91探花

Construction labour shortages persist amidst housing market revival

05 September 2024

According to the latest PMI data by S&P and CIPS, the headline construction PMI for August decreased to 53.6, down from 55.3 in July, which was the highest level since May 2022, showing a slight reversal on the upward trend seen throughout the majority of 2024. 

The main contributor to the latest decrease was civil engineering activity, which fell sharply to 51.8. 

Kelly Boorman, national head of construction at 91探花, said: “The headline construction PMI fell in August, driven by a sharp fall in civil engineering, which could reflect a quieter period over the summer months. But there remains a trajectory of a long-term upward trend, and the market is optimistic given the PMI is still well above 50. This, coupled with future activity and new orders sitting at 70.7 and 55.2 respectively, paints a picture of continued industry revival, particularly as the housing market continues to gain momentum, rising to 52.7. Mortgage approvals also recently reached their highest level in nearly two years, so consumer demand will further stimulate the housing market alongside the government’s reintroduction of mandatory targets. 

“The industry is braced for increased volumes to achieve housing targets, with a focus on affordable housing provision. However, as the availability of subcontractors fell again in August, labour shortages and deployment across regions will impact capacity and the ability to deliver volumes. While increased demand provides greater stability and potential investment opportunities, businesses are waiting on the outcome of the National Planning Policy Framework consultation for clarity on the planning process, sustainable growth and better resource allocation.
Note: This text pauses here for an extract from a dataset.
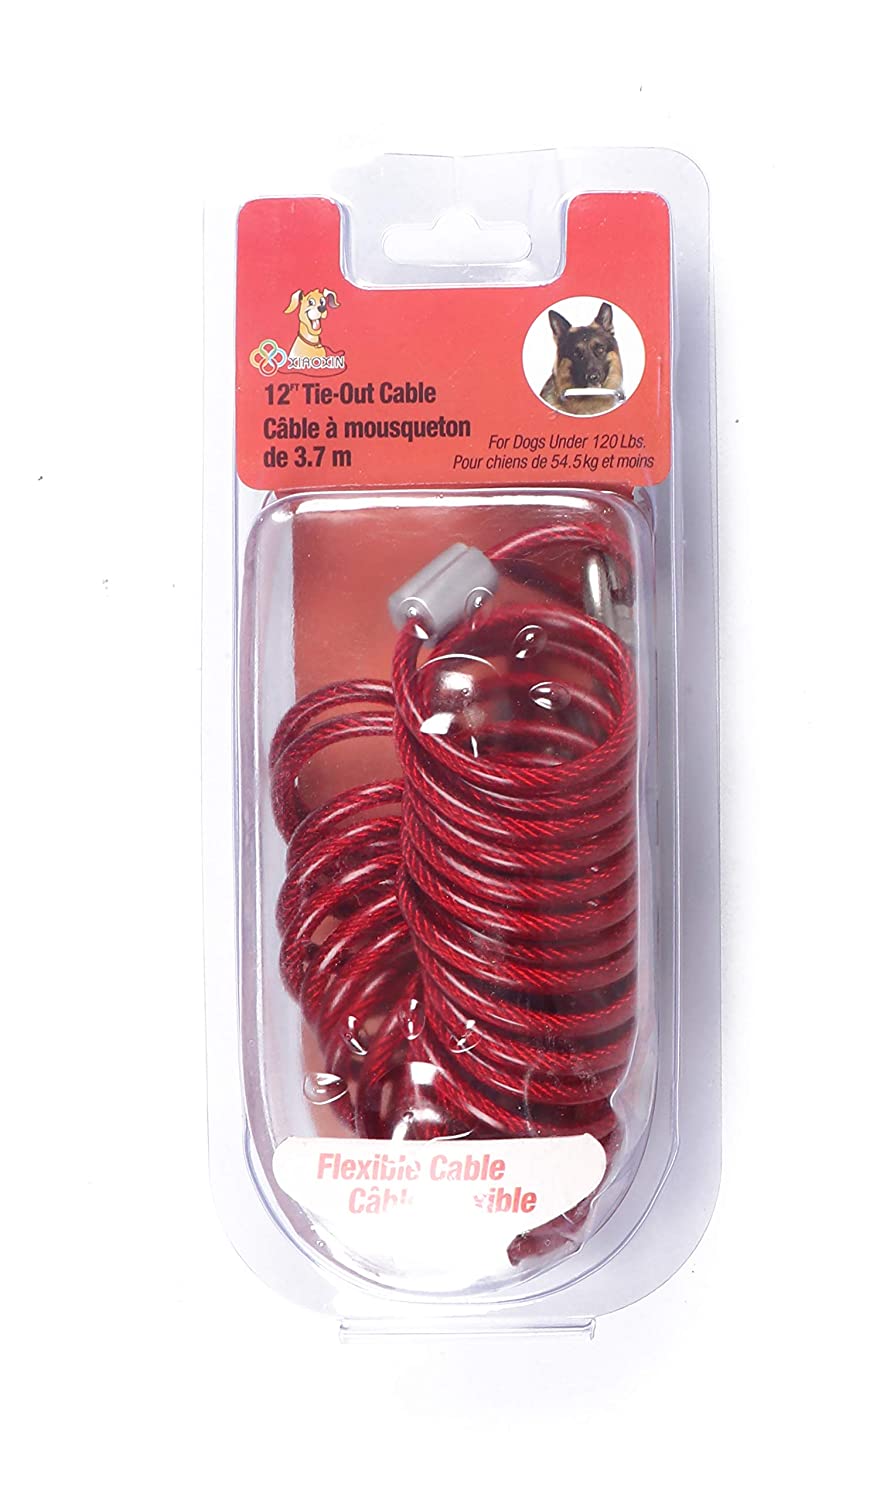 Relux Pet Dog Yard Stake Tie Out Cable 16 ft for Outdoor Yard and Camping,Medium to Large Dogs Up to 125 lbs Red,18 Stake, 16 ft Cable

She added: “Businesses are also hoping government’s incoming housing strategy will ease ongoing labour and funding tensions by providing access to overseas workers and infrastructure spend. Clear direction from government will help to reduce uncertainties and delays, increase funding, align with local infrastructure needs and ensure housebuilding targets are realised.” 

Thomas Pugh, economist at 91探花, said: “The drop in the construction PMI in August is down to the unwinding of the massive jump in civil engineering in July, which looks more like noise to us. Overall, the ongoing economic recovery in the UK is clearly now also being reflected in the housing market and the construction sector. Mortgage approvals jumped in July and annual house price growth picked up as well, clear signs of a revival in the housing market.

“Indeed, the housing balance rose to 52.7, the highest level since September 2022. As we expect the housing market to continue to improve over the rest of this year and into 2025 as real incomes rise and interest rates fall further. Indeed, the forward-looking balances, such as the future activity index and new orders are still high indicating optimism in the industry.

“What’s more, there was further good news for policy makers as the input prices balance dropped, suggesting that price pressures are easing in the construction sector as well as the services and manufacturing sectors. That bodes well for interest rate cuts later this year.

“Overall, despite the drop in August, the construction sector is likely to support economic growth over the next year.”